This morning I joined WBEZ’s The Morning Shift live for a discussion of religion and climate change. We were specifically looking at the results of a recent survey by the Public Religion Research Institute and the American Academy of Religion, which showed that 39% of “White Evangelical Protestants” are climate change skeptics. For some of my thoughts on the poll and on the broader issue of religion and climate change, listen to this audio of the interview. Expect more thoughts in a post sometime soon.

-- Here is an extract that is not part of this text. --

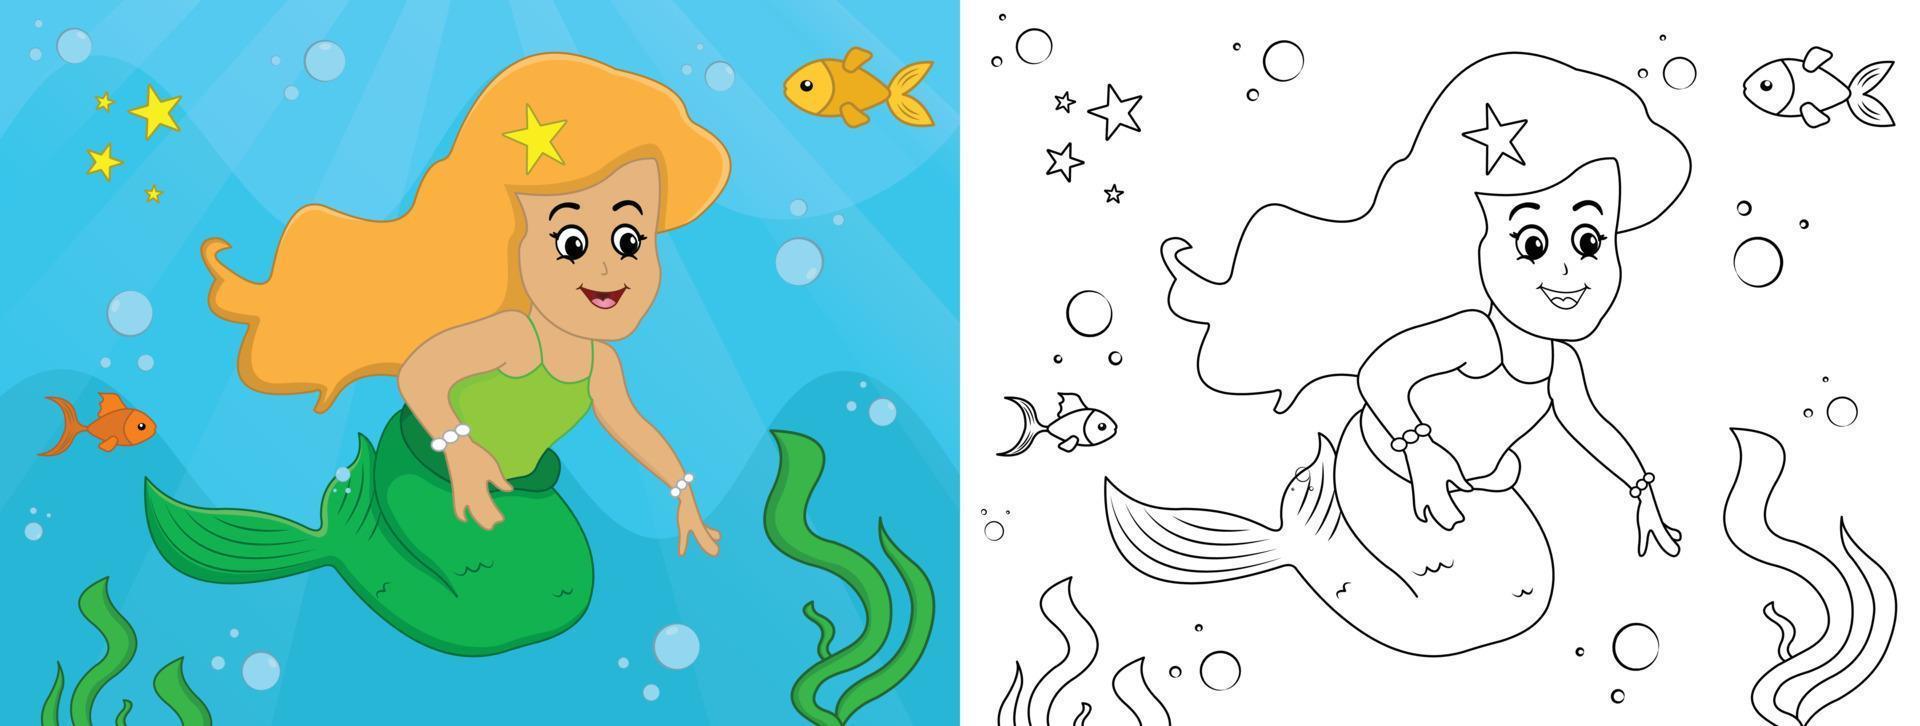 sirena de dibujos animados para colorear página no 06 página de actividades para niños con ilustración de vector de arte lineal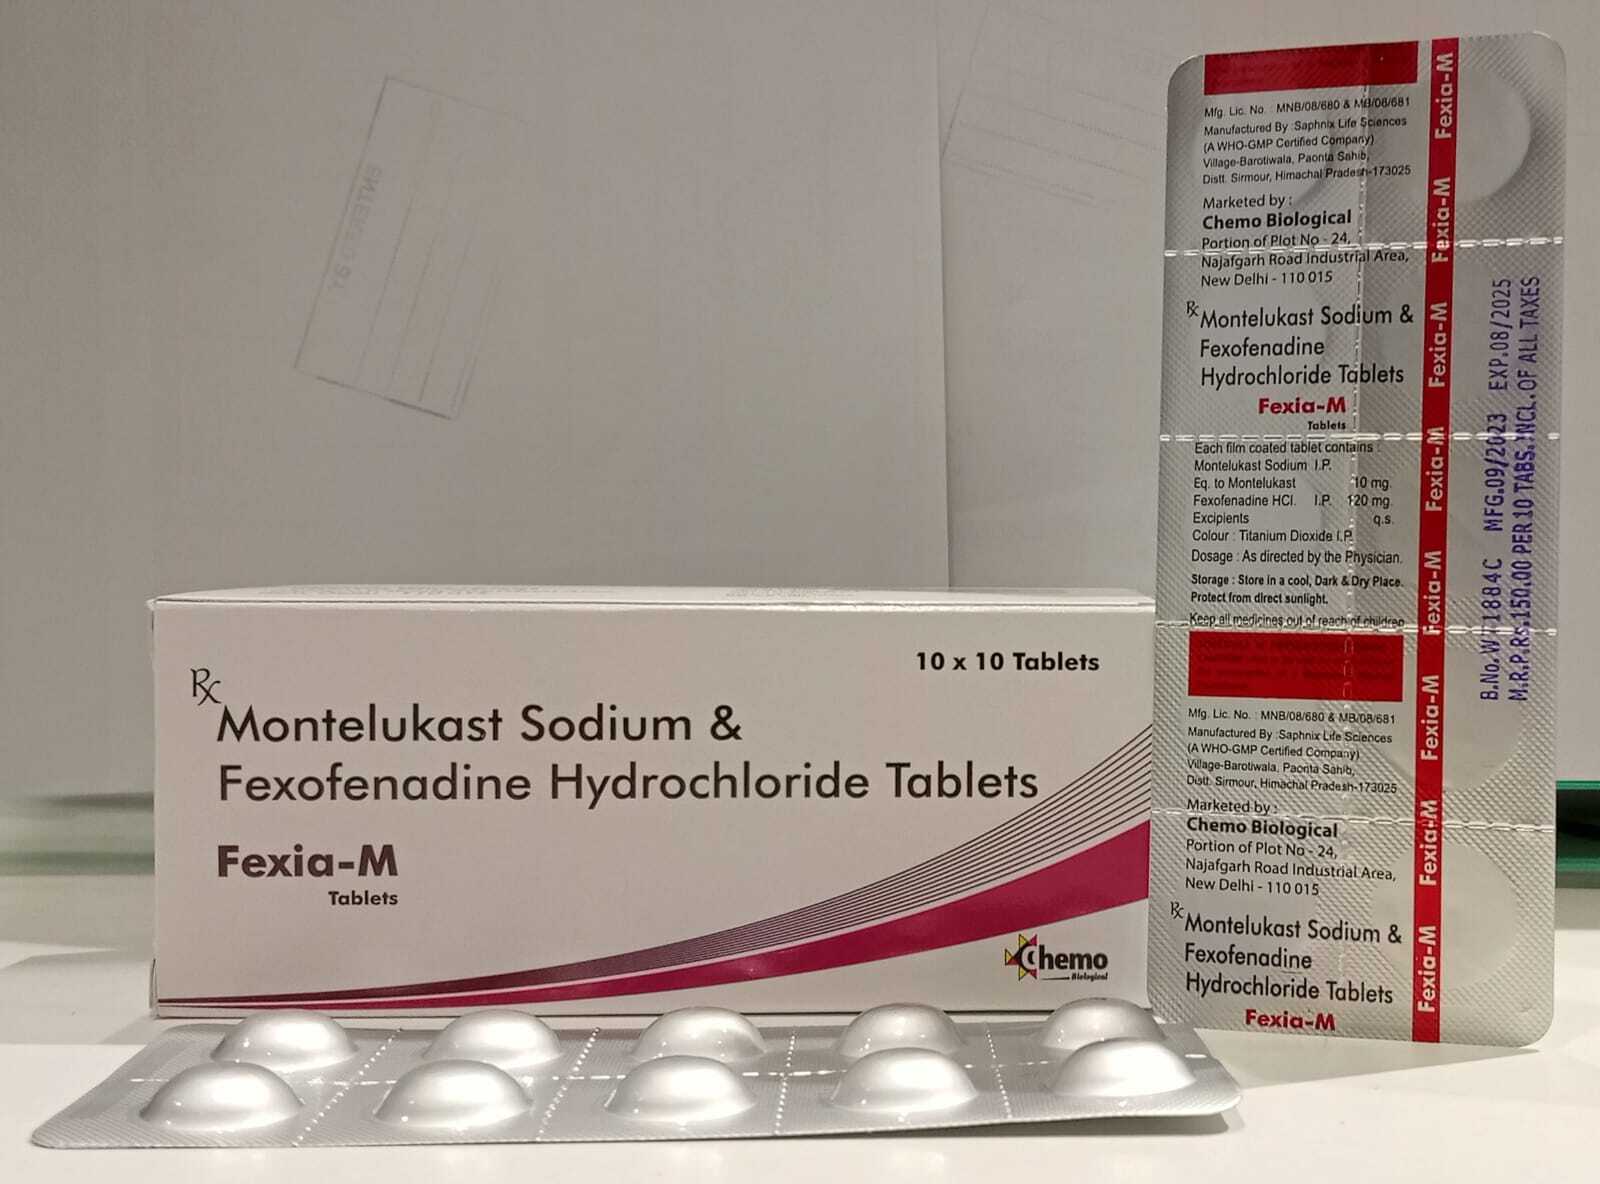 Fexofenadine 120 mg + Montelukast 10 mg

For the record, the toughest question of the interview was, “For evangelical climate skeptics, what does God have to do with their position?” There is a short answer to that question, and I gave part of it out of respect for the question and out of respect for people who genuinely believe that Scripture or the Christian tradition contradicts climate science. However, the long answer would also suggest:
- That political affiliation, race, and relations with the scientific community have a lot to do with how evangelicals of all sorts understand climate change. Indeed, the influence of these factors is as great as or grater than religious persuasion.
- That religion also has a lot to do with the position of evangelicals who believe that climate change is real, serious, and manmade. It doesn’t only influence the “skeptics.”
- Also, from some of this poll and from other research, it appears that religion may have a greater impact on how serious we think climate change is and how we think it should be addressed than it does on whether we think it is real.